During & immediately after the Revolution, many gardeners began banishing intricate patterns of flowers in favor of the less ostentatious simplicity of turf. Philadelphian Elizabeth Drinker wrote in her diary, “flower roots…were dug out of ye beds on ye south side of our garden--as my husband intends making grass-plots and planting trees.”

During this period, plain grass flats often defined the terraces of the gentry. However, at the same time, a flood of newly arrived professional seed merchants were enticing the growing gardening public to plant curious bulbs & roots imported from Europe. And the middle class merchants and artisans were beginning to accumulate both leisure time that could be spent in improving their homes and grounds and a bit of extra cash to spend toward this end.  This flurry of marketing paid off, and the style that caught on. By the 1790s, specimen gardens & flowers once again flourished in the Chesapeake.

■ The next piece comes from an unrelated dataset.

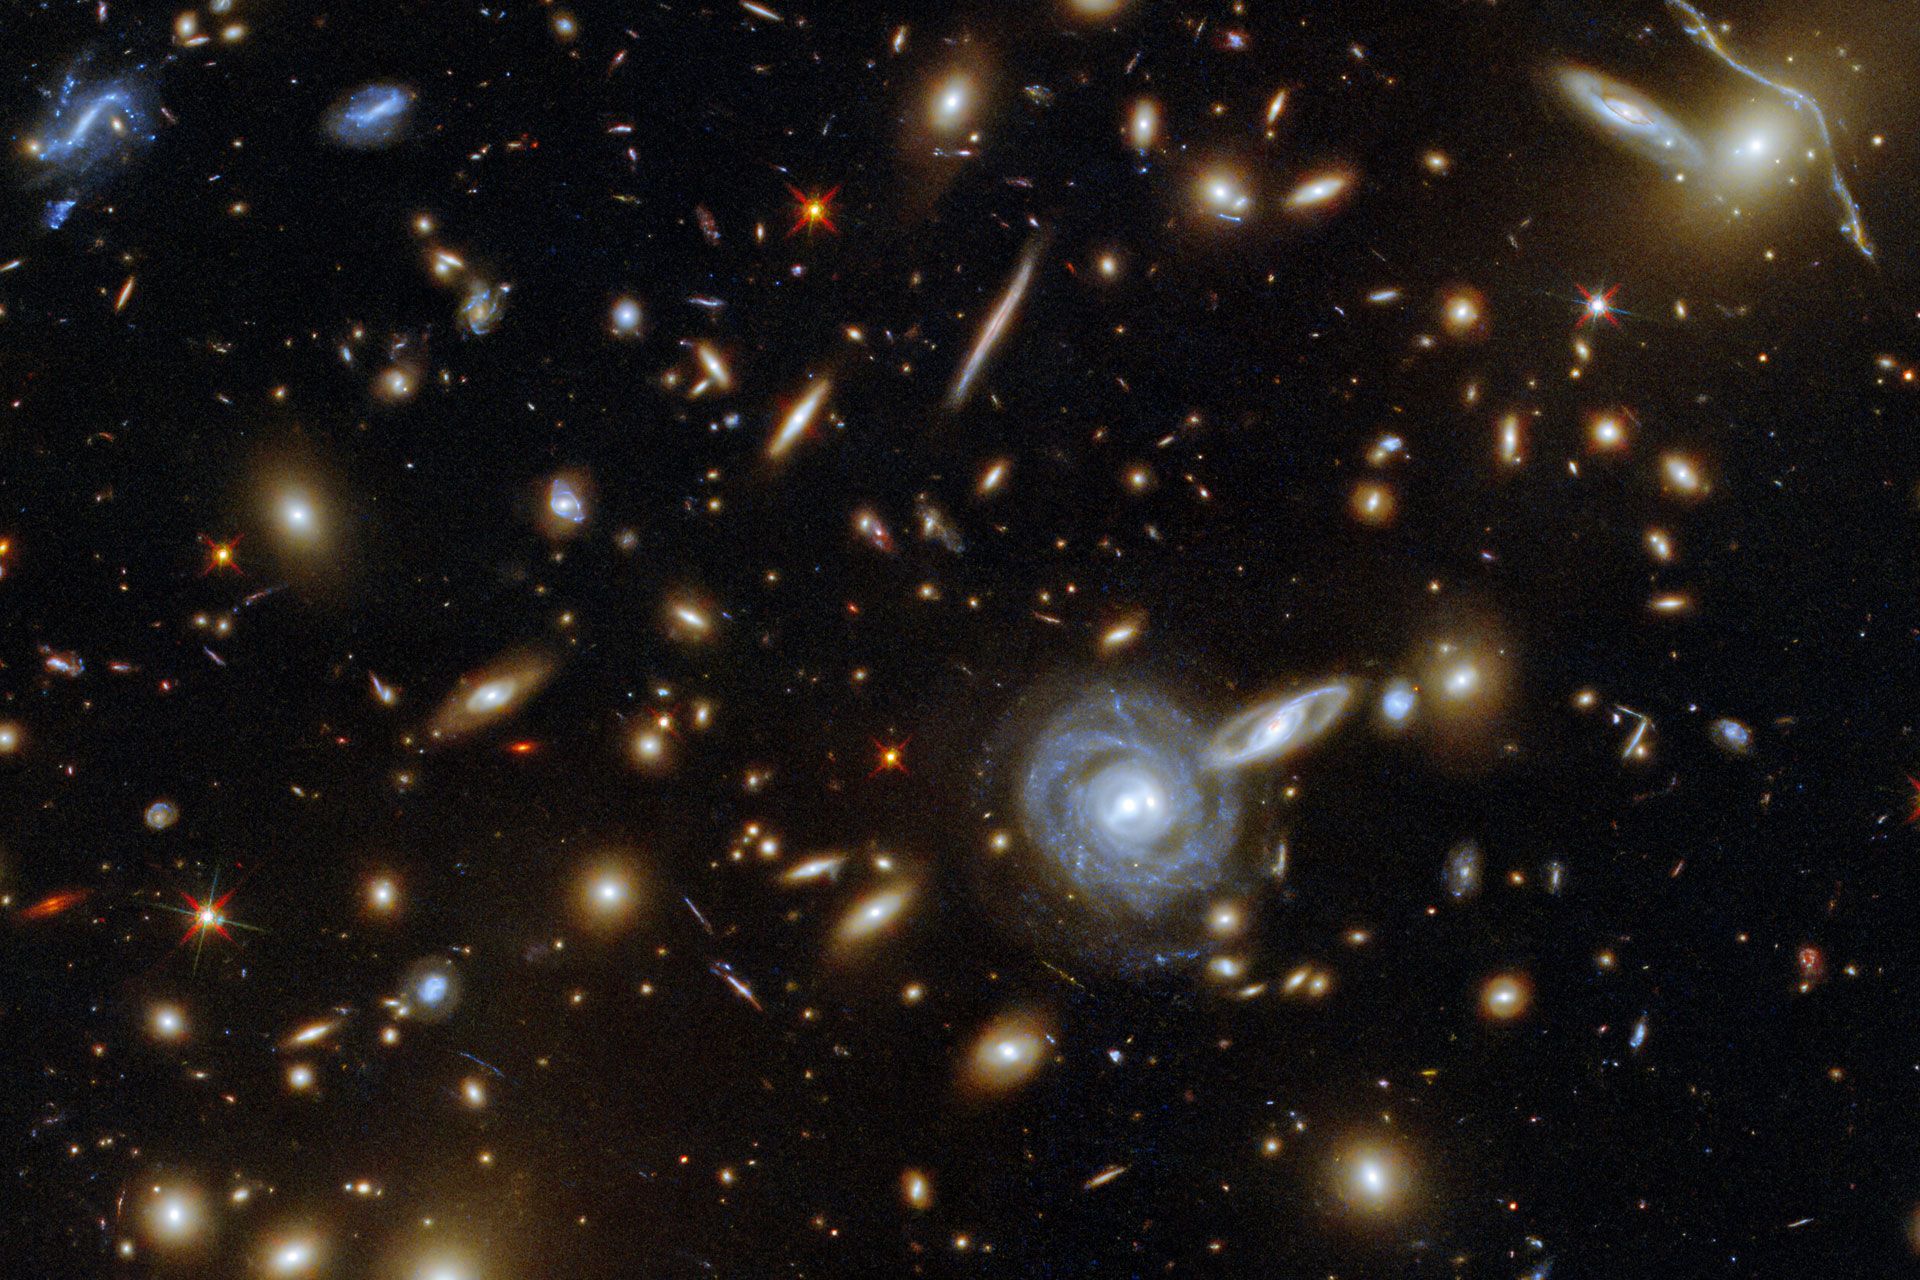 Galaxy cluster with foreground and background galaxies

By the turn of the century, the popularity of intricate flower beds once again soared. Flowers remained a garden favorite, but gardeners now tended to segregated flowers by type rather than integrating them into a complicated design. Diarist Anne Grant reported that, in the gardens she saw before the Revolution, flowers “not seen in ‘curious knots’, were ranged in beds, the varieties of each kind by themselves.”

Botany & new classification systems for plants also caused a surge in collecting plants. In 1789, William Hamilton instructed the gardeners at his Philadelphia estate, Woodlands, to plant “exotic bulbous roots…at six or eight Inches from each other…taking care to preserve the distinctions of the sorts.”

In 1805, Rosalie Steir Calvert (1778–1821) wrote to her father from Riversdale in Prince George's County, Maryland, "The fancy for flowers of all kinds is really increasing; everyone takes an interest, and it is a great honor to have the most beautiful.”

The next spring, she was “curious to know if it is becoming fashionable in your country to become horticulturalists. Here we occupy ourselves with that more every day and are getting much better.”

Her father sent tulip bulbs in late 1807, and Rosalie Calvert wrote back, “now I will have the most beautiful collection in America, and I assure you my reputation is already quite exalted.”

A new cycle in American pleasure gardening had begun.